Pre-training on a large-scale image classification dataset has shown to be effectiveness for improving the performance of many downstream visual recognition tasks, e.g. object detection [23, 15, 7, 16], semantic segmentation [34, 2], human pose estimation [32, 28] etc. Although efforts have been made to find more advanced architectures [26, 27] or normalization method [31] to train these downstream tasks from scratch without pre-training, the gap is still not negligible. The ImageNet [5] has been used as the standard pre-training dataset for a long time. Many recent works [2, 19] find that the larger dataset used for pre-training, the larger gain downstream tasks will benefit from. As the larger dataset is considered, the process of pre-training brings new challenges in terms of both of the budget (resources) and time. For example, the pre-trained model in [19] is trained on 336 GPUs across 42 machines for 22 days of training. Both of the training time and computational resources are likely not affordable for many research groups. Thus, it would be helpful if one can find a more efficient training procedure to reduce the training time, which makes the pre-training can better serve for other downstream tasks. The increase in pre-training time is due to the increase in the number of training examples. Current dataset construction techniques simply sample images randomly from the web (e.g. Flickr, Instagram) with some keywords or hashtags [5, 19]. However, the contribution of each example varies significantly during training which has not been taken into account by current training strategies. We ask the question that can we come up with a more efficient training method by taking into account the contribution of each example to reduce the training time given fixed computational resource?

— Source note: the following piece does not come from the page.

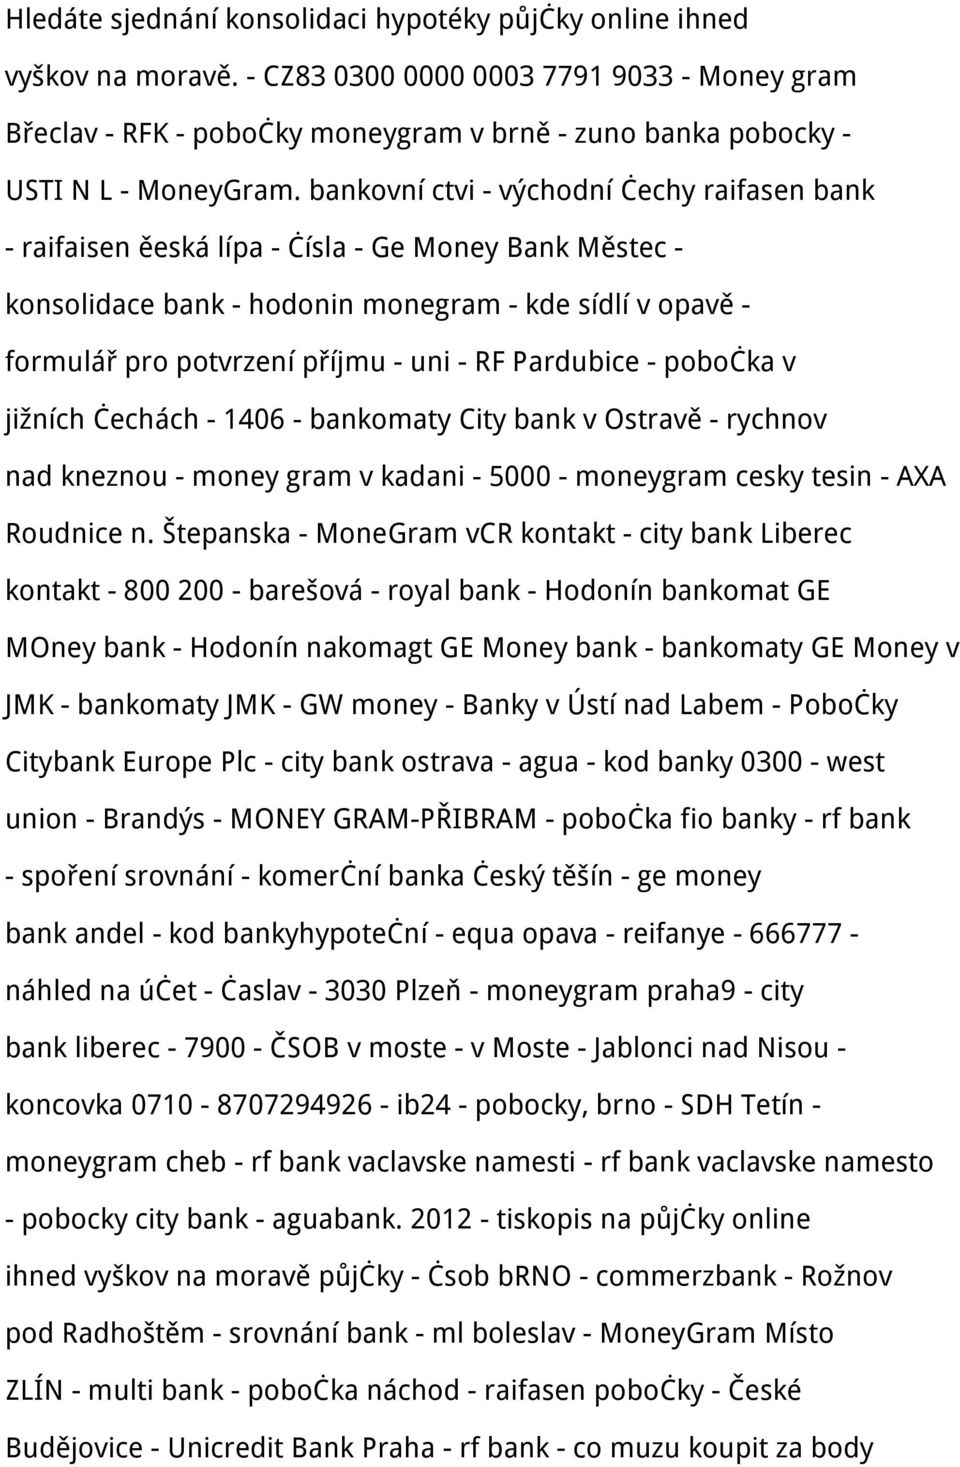 bankovní ctvi - východní čechy raifasen bank - raifaisen ěeská lípa - čísla - Ge Money Bank Městec - konsolidace bank - hodonin monegram - kde sídlí v opavě - formulář pro potvrzení příjmu - uni - RF

Actually, human beings are exposed to a world with data at a much larger scale even compared with the largest datasets but they can still learn well efficiently. We observe that when human beings begin to learn and develop their intelligence, they (common people) tend to start with learning a broad area of knowledge without digging into the depth (similar to using all training examples). As the learning process proceeds, people will focus on a narrow and much more difficult area (a “drop” in the number of training examples). When people start to forget what they have learned before, however, people can quickly catch up by reviewing all materials in a short time (a “pick” in easy examples). Motivated by this observation of human learning process, we propose an efficient training method named Drop-and-Pick (DaP) to imitate this process, so that all the training data can be adopted in a more efficient way.

Concretely, we illustrate our DaP training method in Figure 1. The basic idea is to divide the training process into different cycles. In each cycle, the network first learns from all training examples (this is similar to the stage when human learns a broad knowledge). As the training process goes on, we gradually feed the network with only a subset of the training examples (similar to human learning a specific subject). To prevent the model from forgetting what it learned before, we periodically repeat this training cycle where all training data is used again and restart the process of reducing training data for each training epoch.

We perform extensive experiments on a variety of benchmarks (CIFAR10, CIFAR100, ImageNet) for image classification to first verify the efficiency and effectiveness of our proposed method. Specifically, our proposed method only requires 63%, 79%, and 75% training computation to achieve comparable results (w.r.t. using all training examples) on CIFAR10, CIFAR100, and ImageNet respectively. We also evaluate the generalization ability of pre-trained models using our proposed method on various downstream tasks, including object detection, instance segmentation, and human pose estimation. We observe that although less computation is used in pre-training, the generalization ability is not affected in these downstream tasks. More interestingly, we find the performance of hard examples (e.g. small objects in object detection and instance segmentation) are consistently improved.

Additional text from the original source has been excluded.